JPS5852169B2 - automatic shift recording device - Google Patents

Description

DETAILED DESCRIPTION OF THE INVENTION The present invention provides an automatic shift recording device, in particular, a reference voltage obtained by subtracting a predetermined deviation voltage from the full scale voltage of the recorder body, and the output voltage of the attenuator is set to the full scale voltage of the recorder body. The output of the attenuator is input directly to the recorder body until the voltage is reached, and when the output voltage of the attenuator exceeds the full scale voltage of the recorder body, the voltage obtained by subtracting the reference voltage from the output voltage of the attenuator is recorded. The recording mechanism of the recorder is automatically shifted by inputting it to the recorder body, and when the output voltage of the attenuator becomes below the reference voltage, the output of the attenuator is input directly to the recorder body to shift the recording mechanism of the recorder automatically. This invention relates to an automatic shift recording device which includes a switch circuit having hysteresis to return the shift to the original state, and allows a recording mechanism to automatically shift and record within the same measurement range by switching the switch circuit. It is something.
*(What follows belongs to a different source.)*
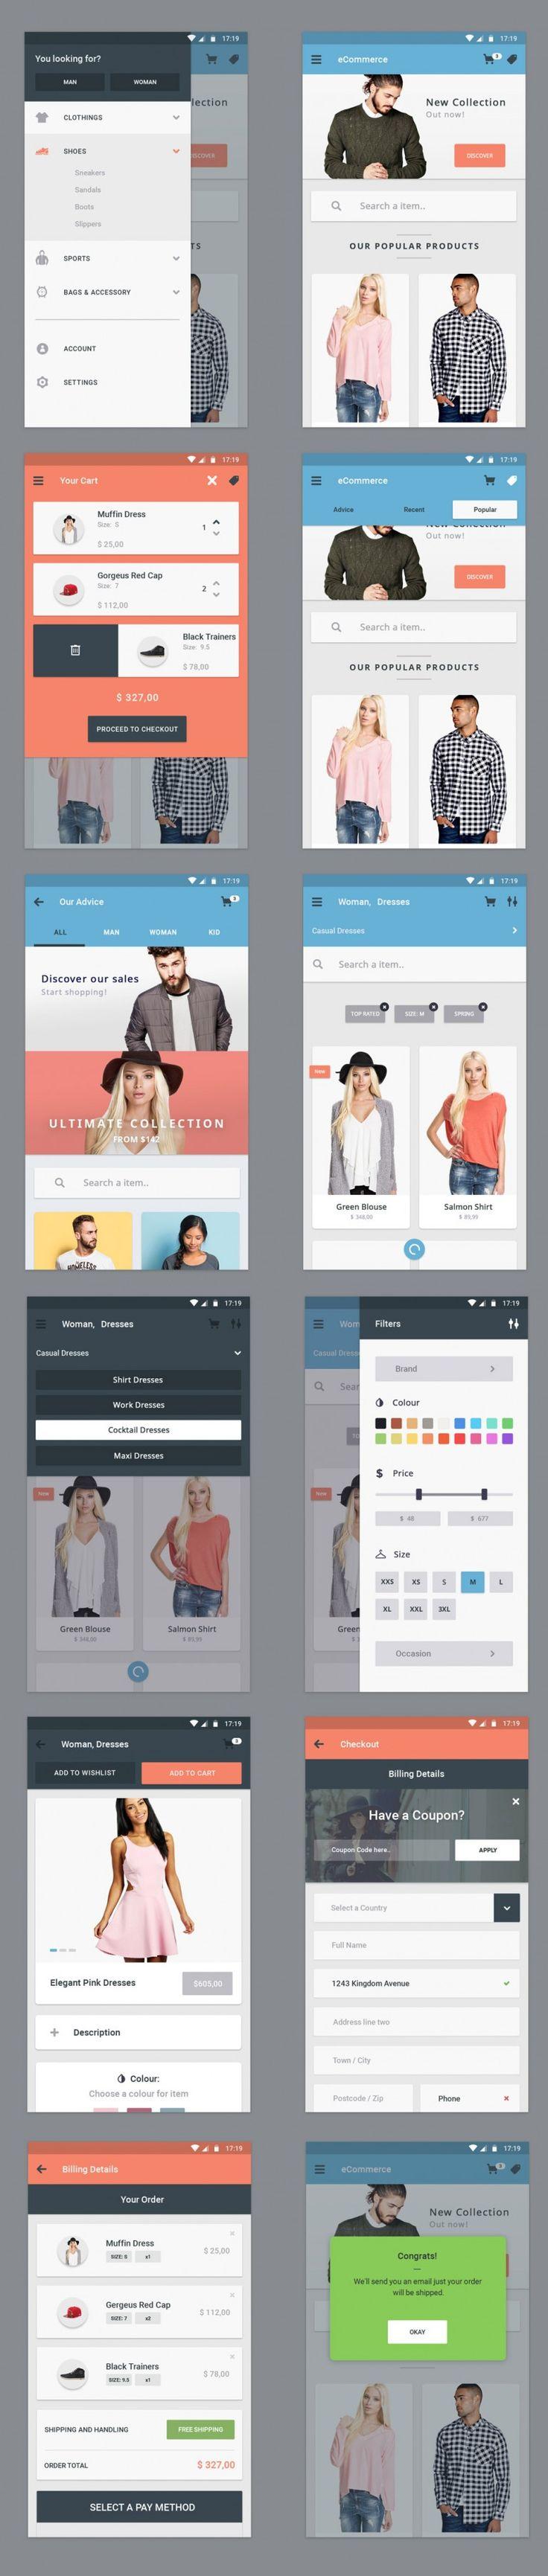 Free Ecommerce App UI Designs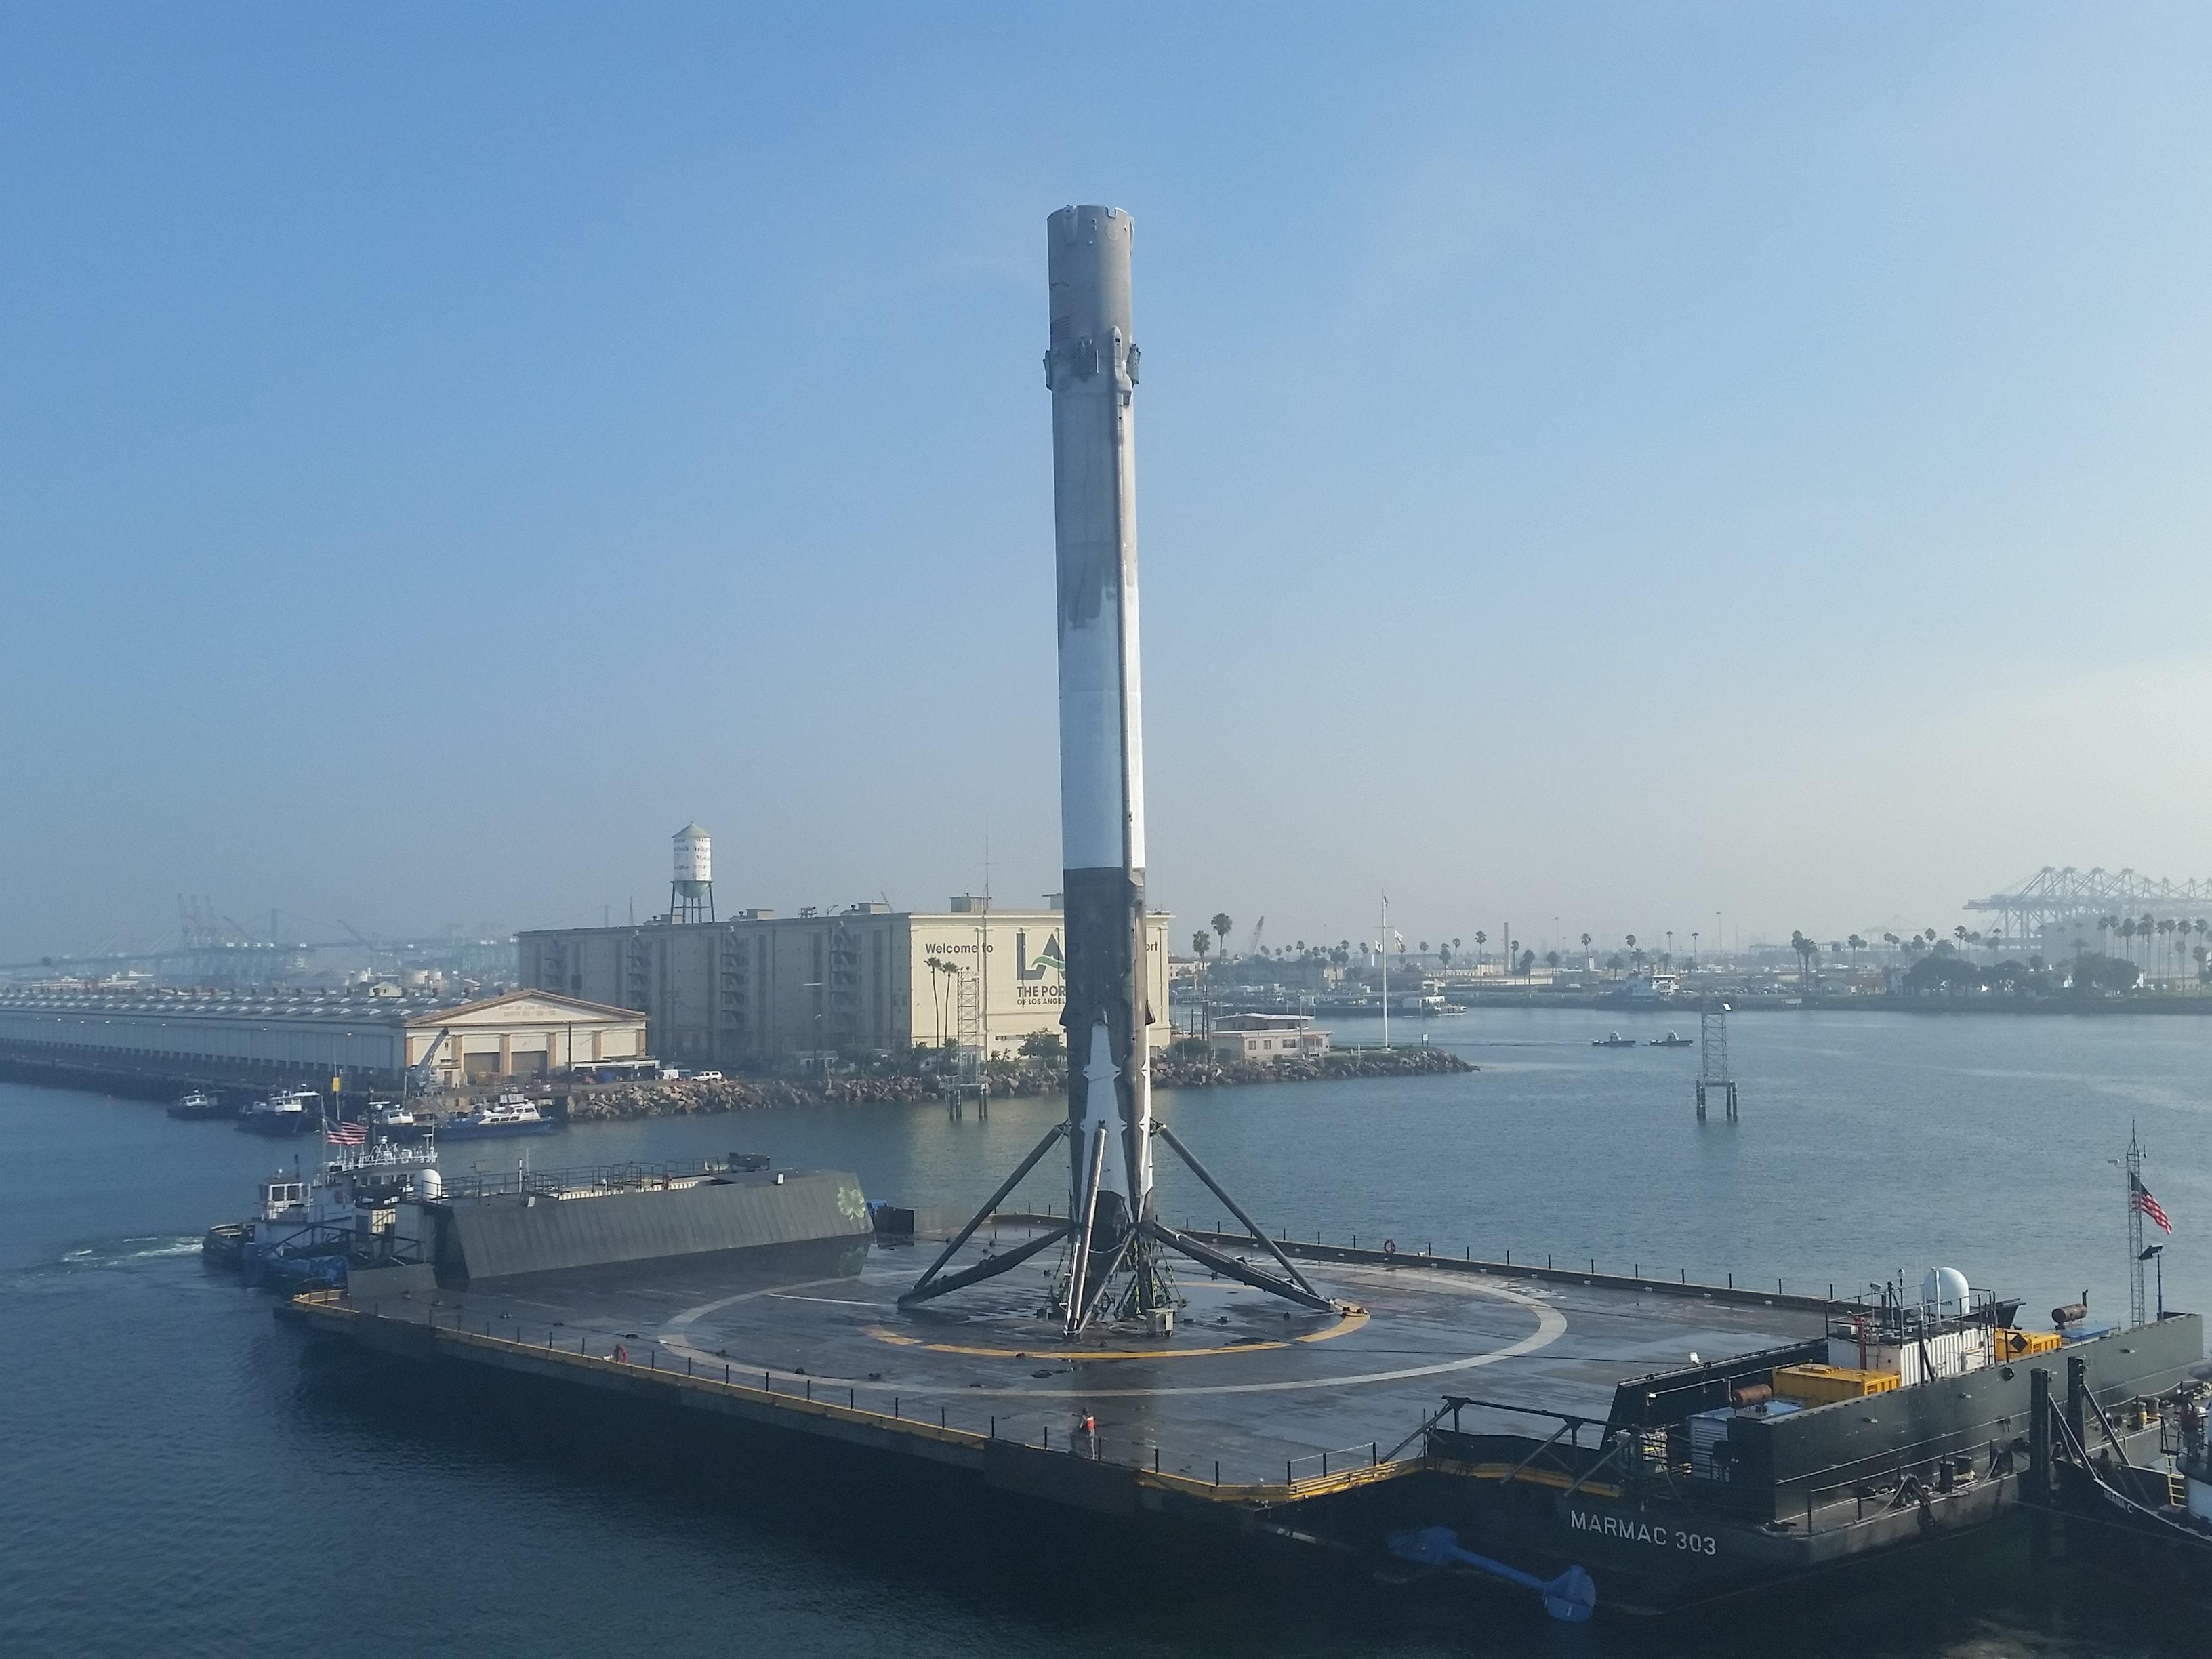 1038 arrives in Port (NASASpaceflight – helodriver)

Conventionally, this type of recording device selects an appropriate measurement range depending on the magnitude of the measurement signal voltage and performs measurements, but when the measurement signal voltage exceeds the measurement range, the measurement range is switched and the measurement range is expanded. It is common to continue the route.

If you change the measurement range during measurement and expand the measurement range in this way, the recording of the measurement signal voltage recorded on the recording paper will shrink, resulting in a decrease in reading accuracy.Also, changing the measurement range midway through the measurement will reduce the measurement signal voltage record recorded on the recording paper. This also has the disadvantage of causing confusion when reading the recording paper.

Also, when a measurement signal voltage higher than the measurement range is input,
There are recorders that shift the recording mechanism of the recorder by subtracting the full-scale voltage of the measurement range from the measurement signal voltage, and then continue recording, but this type of recorder simply subtracts the full-scale voltage of the measurement range from the measurement signal voltage. Therefore, if measurement signal voltages near the full-scale voltage of the measurement range are input frequently, for example, as shown in Figure 1, if measurement signal voltages from A to 2 are input, the voltage will change from A to E accordingly. , from he to mouth, from ha to tohe, and from chi to two, which have the disadvantage of causing bunching.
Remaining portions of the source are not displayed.